When Cassini imaged Enceladus's south pole early last year, researchers noticed plumes of what appeared to be a steamlike substance spewing from the 300-mile-wide (480-kilometer-wide) moon's crust.
At first Porco's team thought the billows might be water vapor rising from subsurface ice deposits. Then the scientists realized they were seeing something unprecedented: outer-space liquid-water geysers not unlike Yellowstone's Old Faithful.
What causes these geysers to form? According to Porco and her colleagues, unknown heat sources inside Enceladus melt ice into deposits of subsurface water. Under pressure, these water pockets burst through the icy crust in fountainlike jets.
"Once the water comes out it freezes, and that produces copious amounts of ice particles," Porco said.
Most of these just frozen particles fall back to the ground. Their highly reflective surfaces help give Enceladus its unofficial status as the shiniest object in our solar system.
The team's geyser investigations have yielded many new insights about Enceladus's interaction with Saturn, its rings, and its other moons.
Enceladus, Phone Home?
Porco and her colleagues are most enthusiastic about their work's implications for the search for alien life.
"What these findings tell us is that we may have a warm, water-based environment reasonably close to the surface—one that could be conducive to living organisms," Porco said.
"Enceladus will be a very exciting place to look for extraterrestial life."
Other moons in the solar system, such as Jupiter's Europa, have bodies of liquid water that might be able to support life. Europa's water, however, is several miles below the surface. Water deposits near Enceladus's south pole could be less than a hundred feet (30 meters) underground.
"Even though there's an ocean on Europa, it would be much more difficult to access," Porco said. "Also, there's a more intense radiation field on Europa, limiting the amount of time you could spend there with a lander."
Robert Pappalardo, an astrophysicist at the University of Colorado at Boulder, calls Porco's findings "a spectacular result."
"The first step in any search for life is to find liquid water, and Enceladus has that," he said.
"Next we need to add more detail. Have these geysers been active long enough to create a stable environment? Does the moon have a source of chemical energy that would be capable of supporting life?"
Warm Gooey Center?
The source of Enceladus's potentially life-sustaining heat is another unsolved mystery.
Porco speculates that the moon may have a hot inner region, partially made of molten rock, that sends waves of warmth to the surface.
United States Geological Survey researcher Jeffrey Kargel proposes an alternative theory in a companion article to in Science.

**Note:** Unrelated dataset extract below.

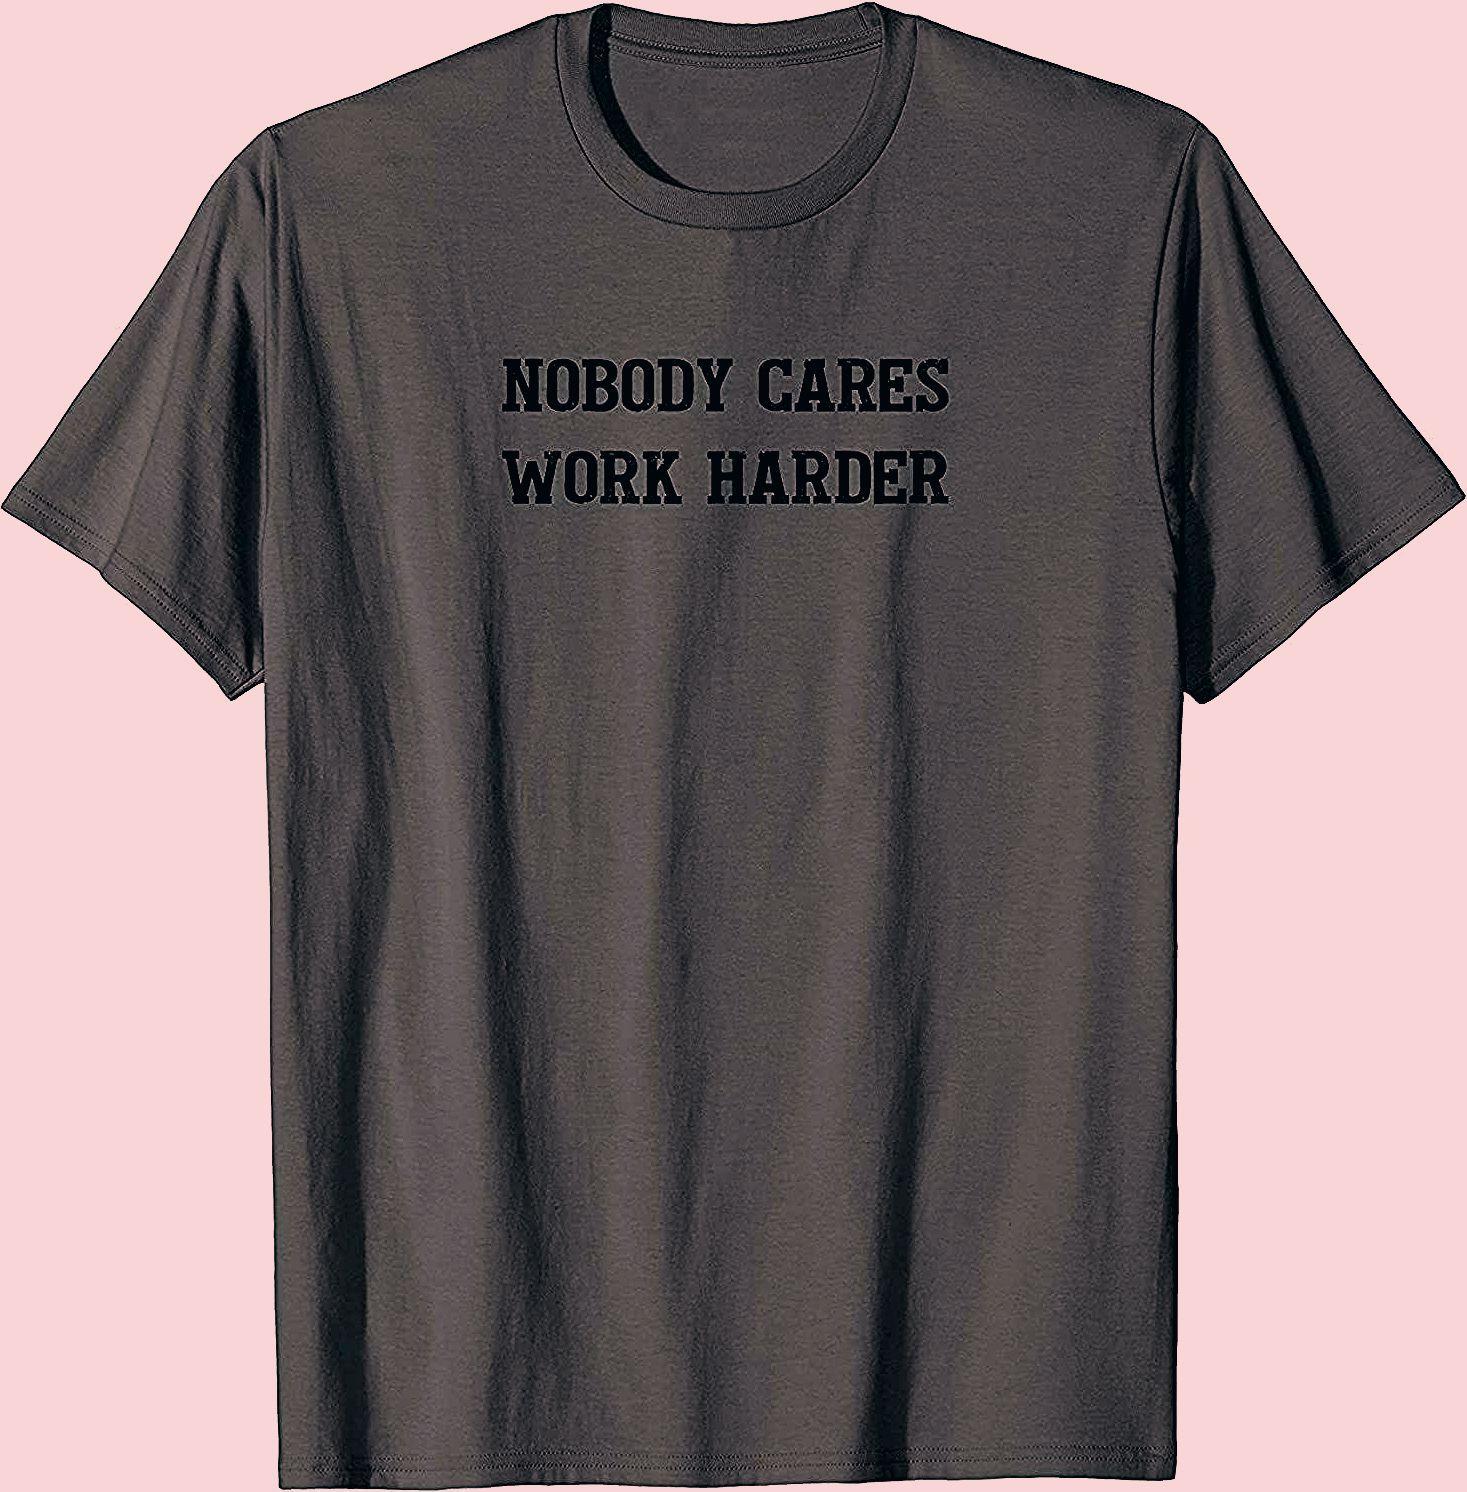 Photo of Nobody Cares Work Harder Motivational Tee T-Shirt

He speculates that friction from shifting tectonic plates could be generating heat that is getting trapped inside the icy crust.
To help fill in some of these unknowns, Porco, the study author, is lobbying to extend the Cassini mission past its end date specifically for more Enceladus study.
"A closer flyby would let us improve our measurements of the type of material coming out of the vents and map the location of any thermal activity," she said.
"To really establish that there's life, you need to find a fossil or stick your hand in the ice and pull up a microbe. We can't do that with Cassini, but the instruments we have now [on the spacecraft] can at least provide us with additional clues."